Re: i28 proposed replacement text

On Wed, 28 May 2008, Henrik Nordstrom wrote:

> On ons, 2008-05-28 at 10:41 -0400, Yves Lafon wrote:
>
>> Then we must at least say that the encoding used (not chunked) must
>> give the same characteristics as chunked wrt detection of the end of the
>> message.
>
> Why? The protocol will not fall down if a message is unexpectedly cut
> short.

Essentially for what it below, the need to verify the integrity of the 
message. It is needed when you don't cut the connection, but it is a 
desirable property even if the connection is cut, to detect an error case 
(like cutting the connection in the middle of a chunked stream) from a 
normal response.

> A note mentioning that this may downgrade the message integrity to the
> level of a Connection: close without Content-Length message may be
> acceptable, but not a must. In practice most file formats and encodings
> easily detect truncation.

partial or absolute detection ? If the format allows multiple concatenated 
entries, and integrity check is true if you reach exactly the end of one 
entry, you have a highly probable integrity check but not an absolute one.
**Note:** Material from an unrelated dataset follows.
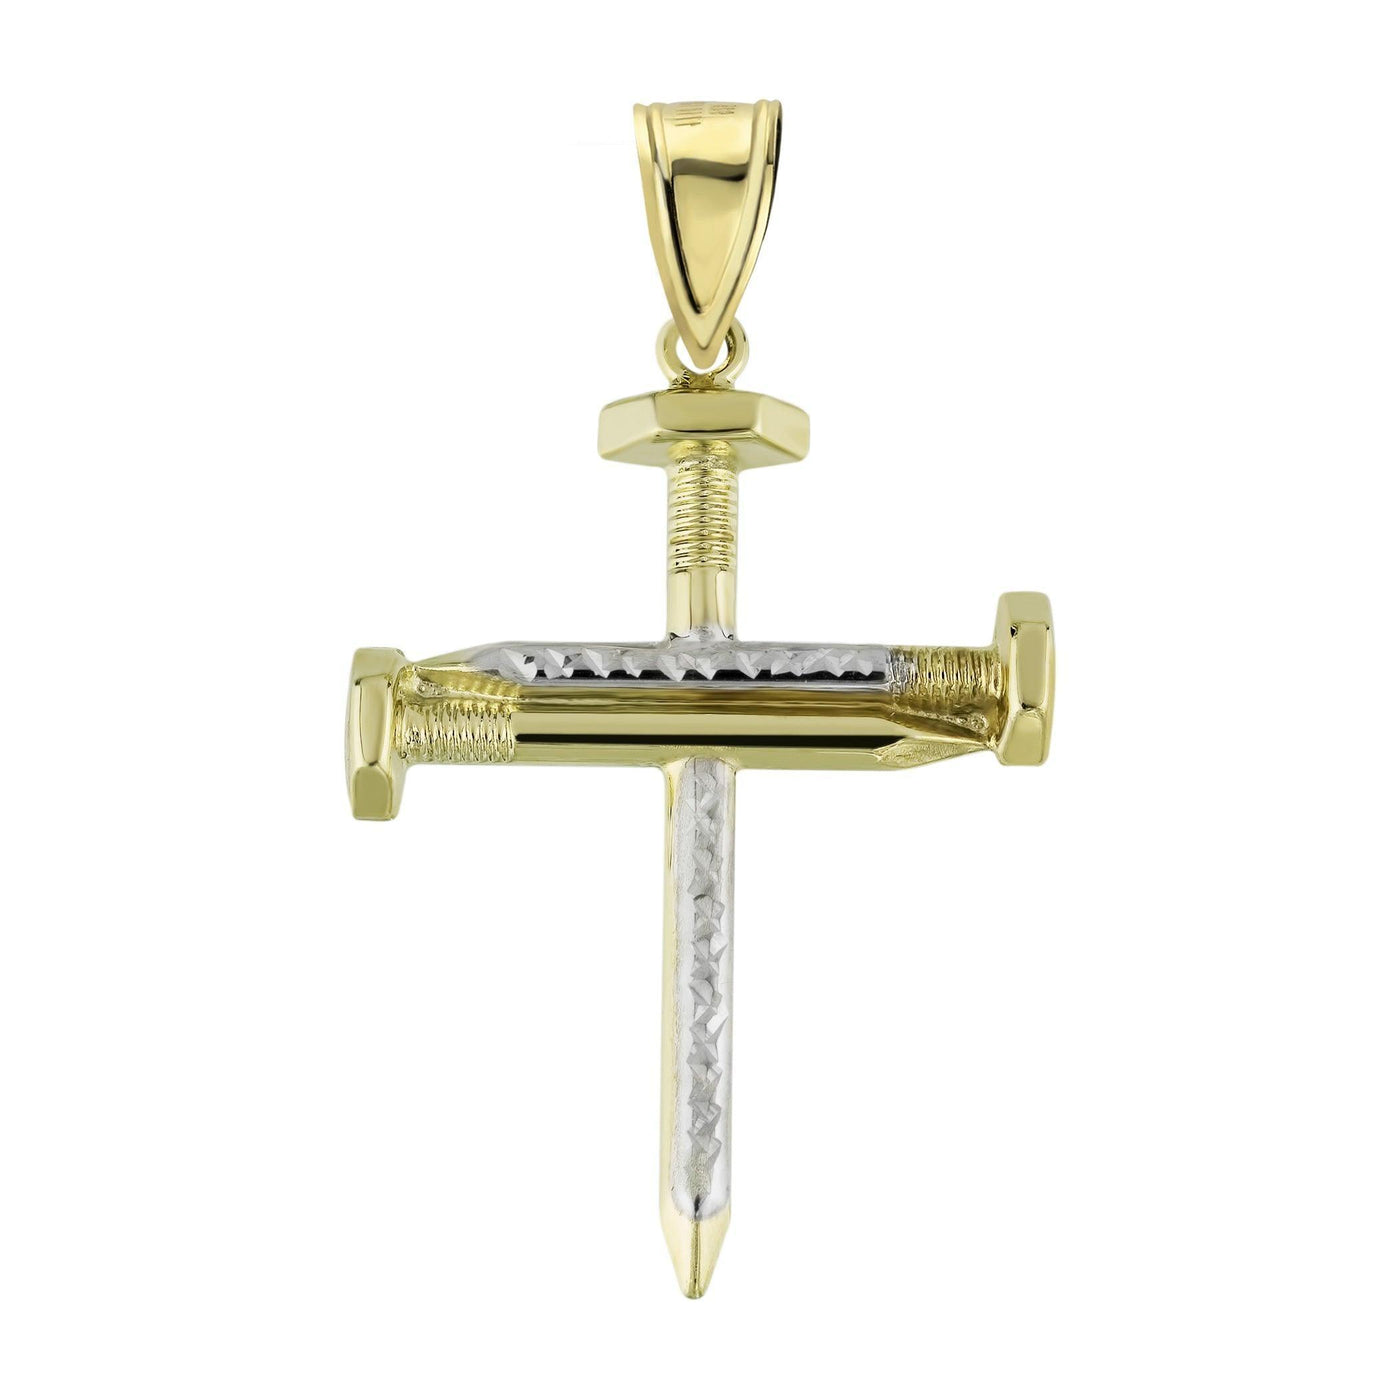 2.5" Screw Nail Cross Charm Pendant Diamond Cut 10K Yellow Gold - bayamjewelry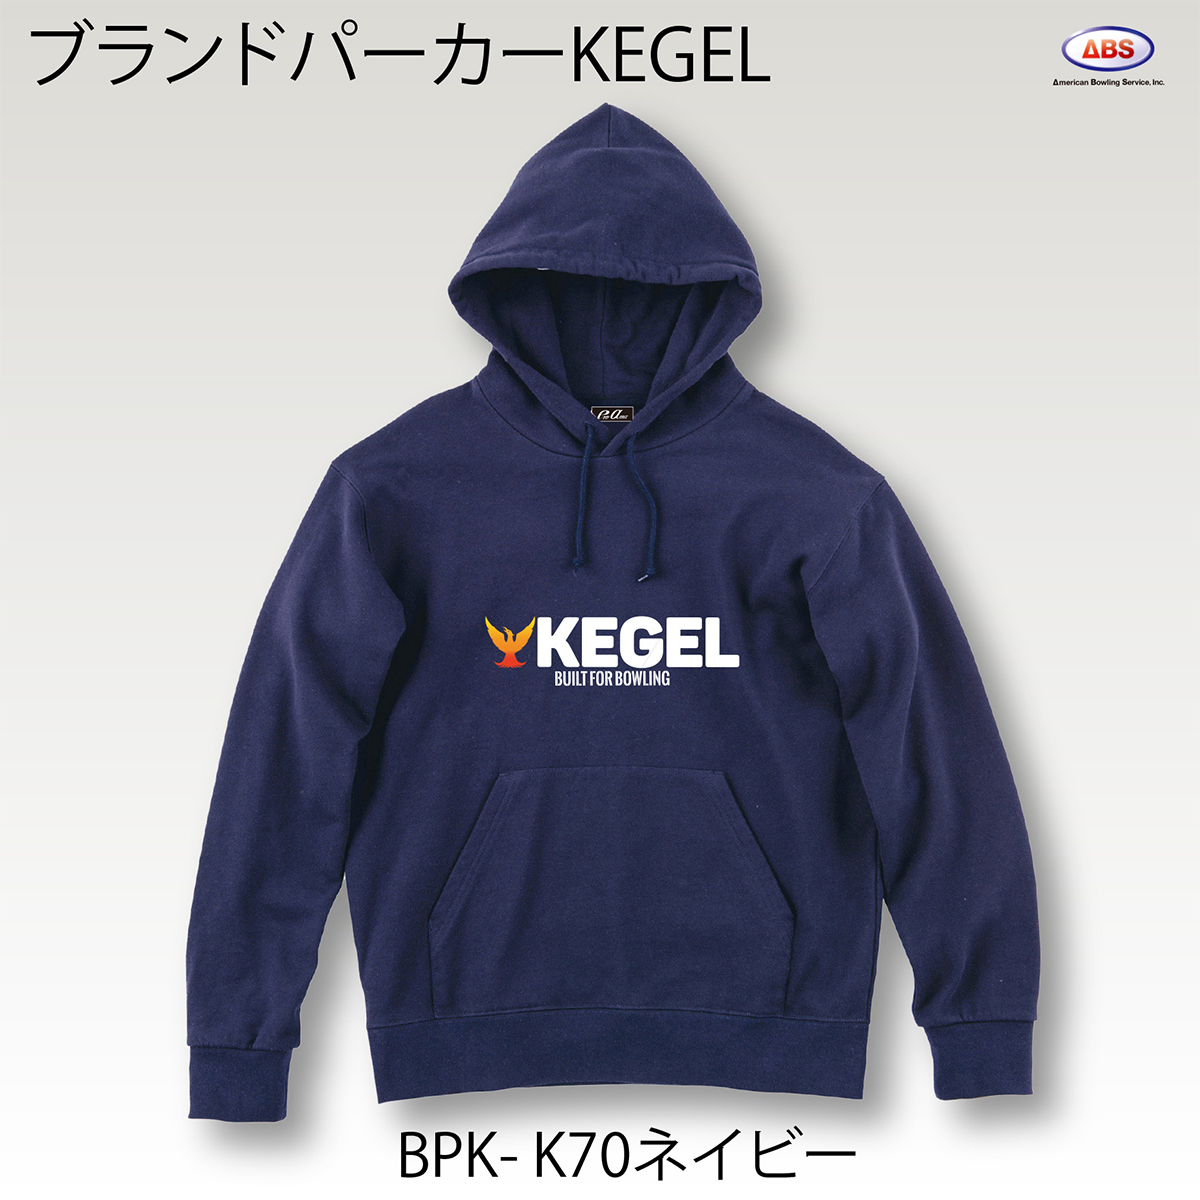 ブランドロゴパーカー(KEGEL) - ウインドウを閉じる

In any case, a note explaining that it might be difficult to figure out 
the integrity of the message in this case would be sufficient.

>> Is this particular case really used in deployed client/servers, and done
>> the right way ?
>
> As already mentioned both gzip and deflate has this property to a
> sufficient level.

But it is used that way in deployed servers/clients ? Or is chunked 
encoding always the norm.

-- 
Baroula que barouleras, au tiéu toujou t'entourneras.